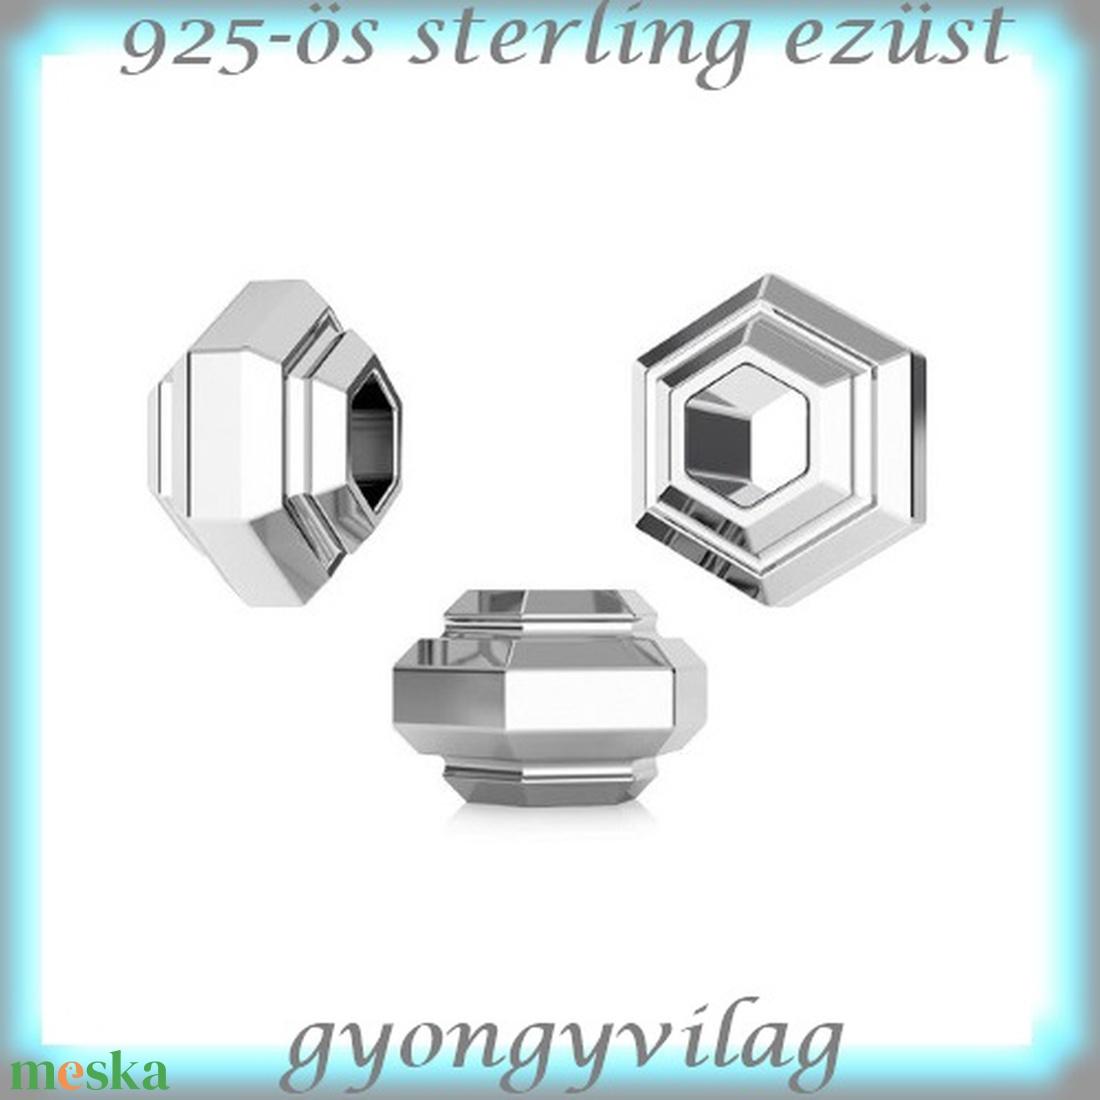 925-ös ezüst köztes / gyöngy / dísz EKÖ 84 - gyöngy, ékszerkellék - fém köztesek - Meska.hu
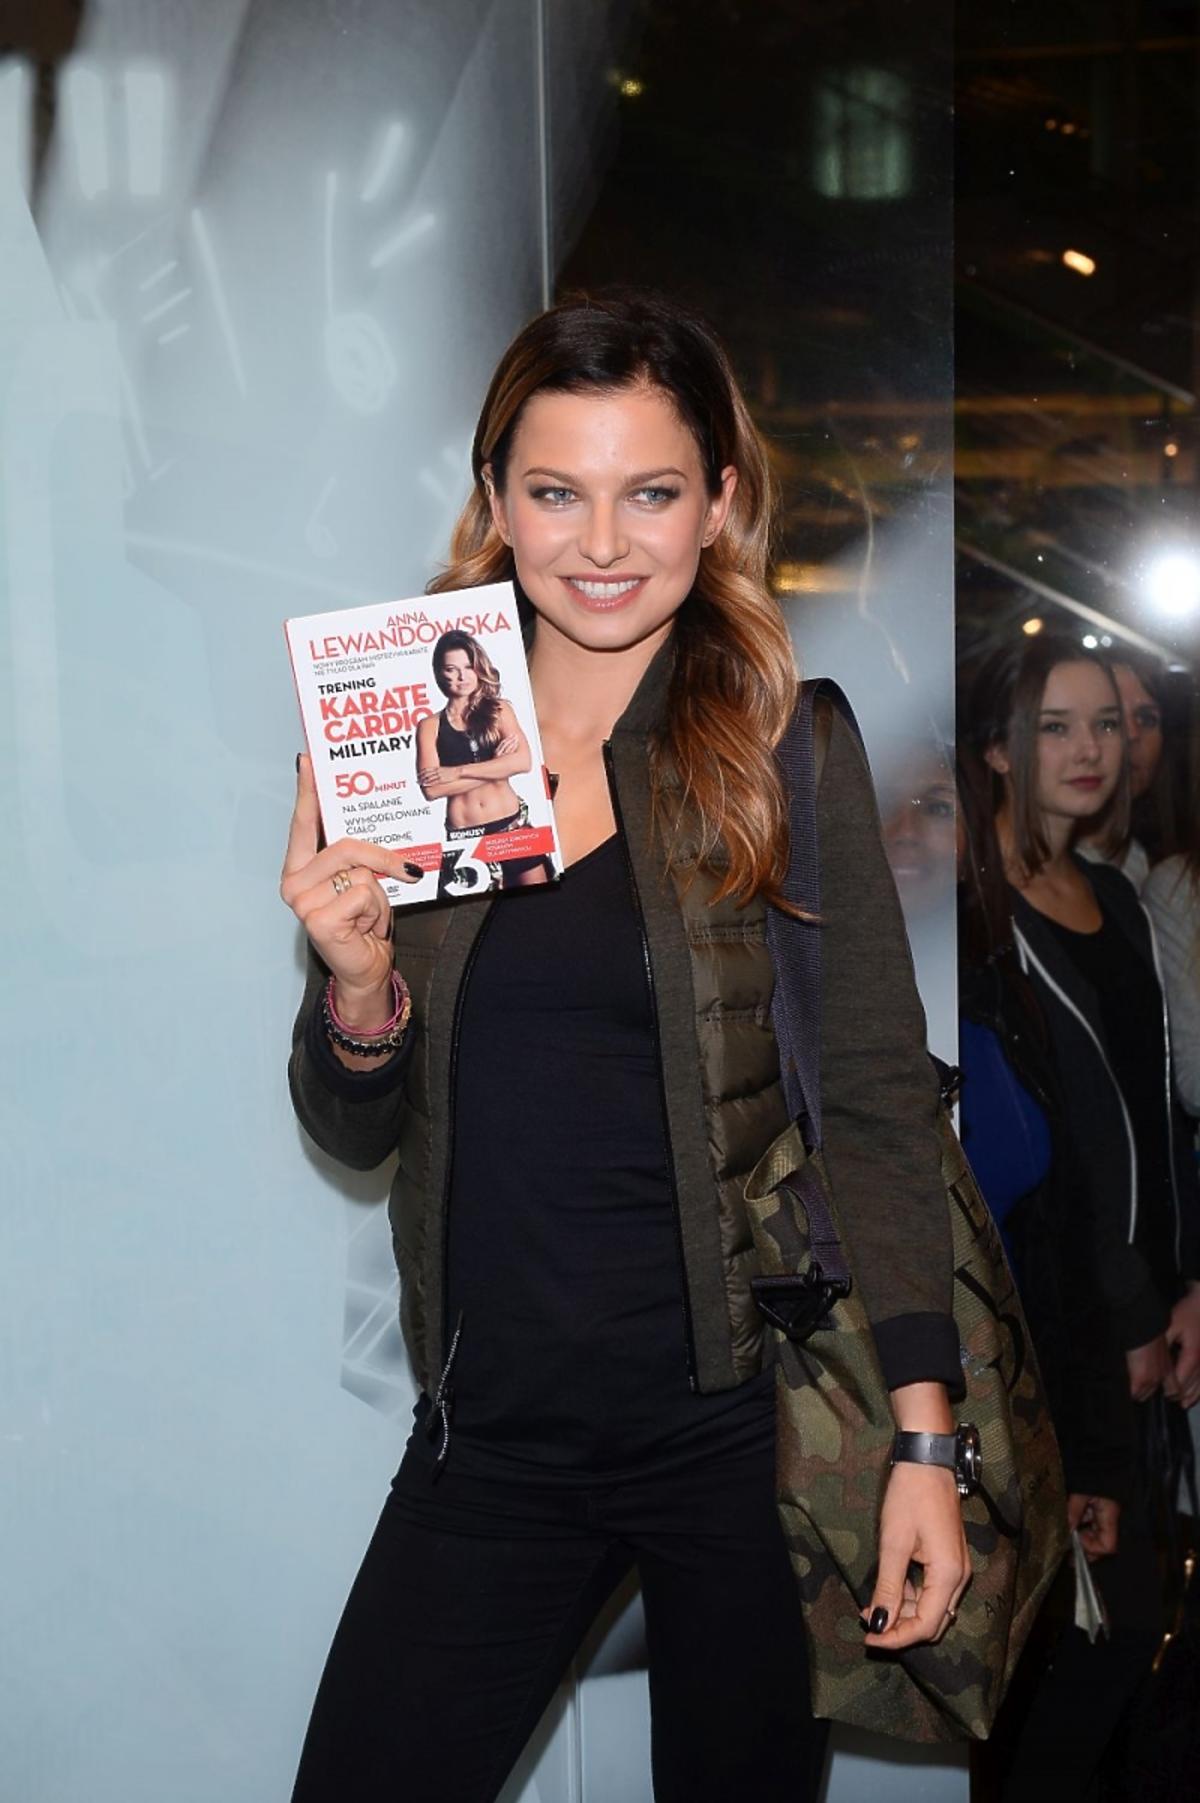 Anna Lewandowska z książką
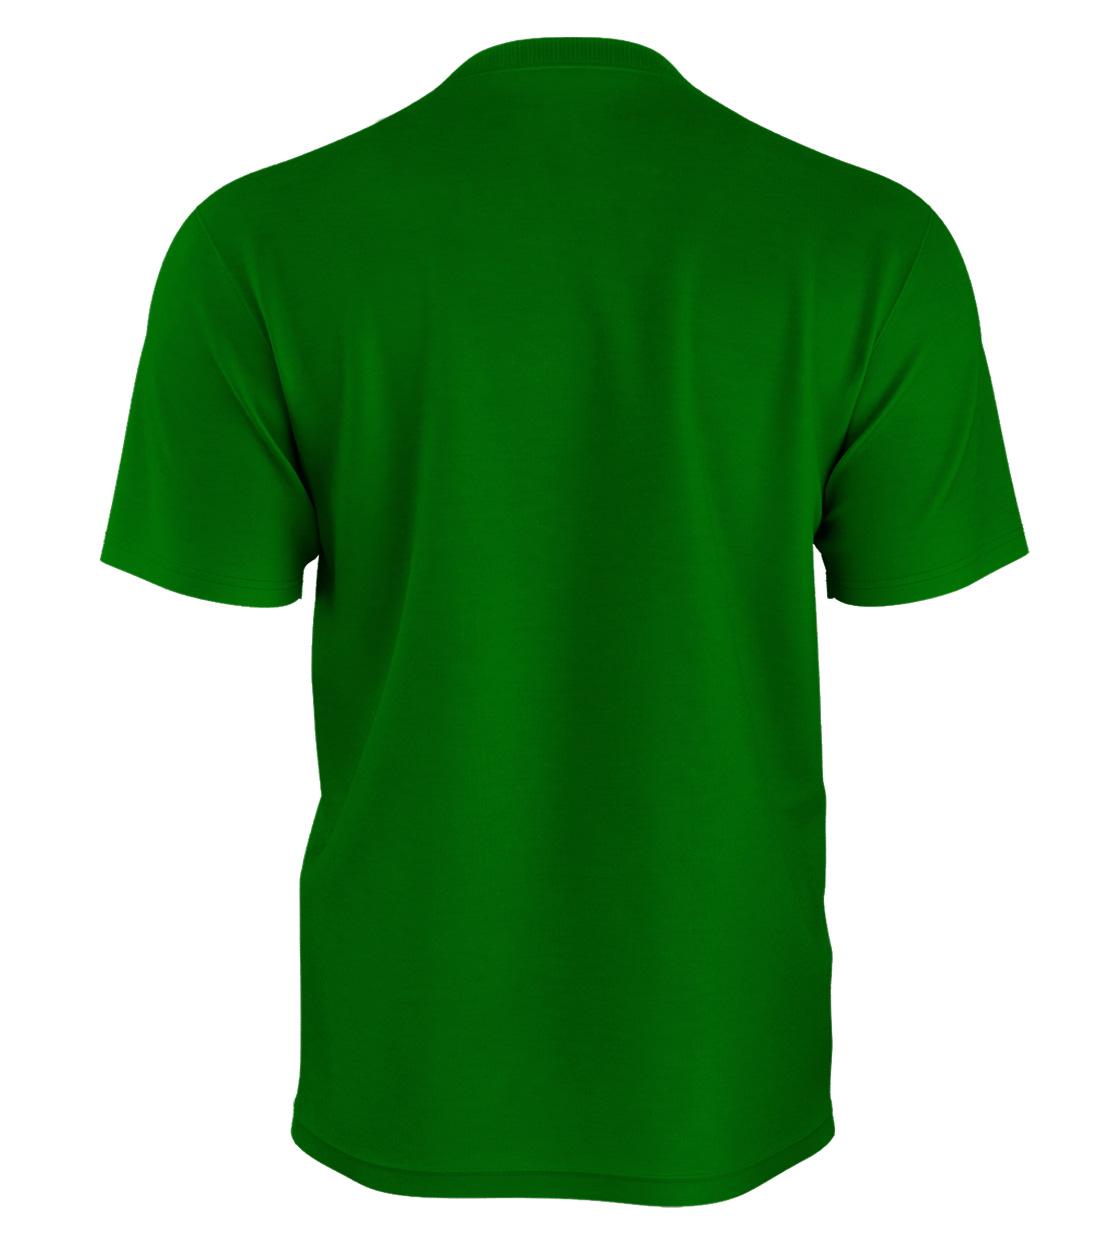 Jimmy Butler Tshirt (TSH-GRN-159-PLYR-BUTLER)

Task details » Please restate word for word each line from the one containing "Anna Lewandowska z książką" to the end of the data above, without the pictures.

Solution below »
 Anna Lewandowska z książką
 Jimmy Butler Tshirt (TSH-GRN-159-PLYR-BUTLER)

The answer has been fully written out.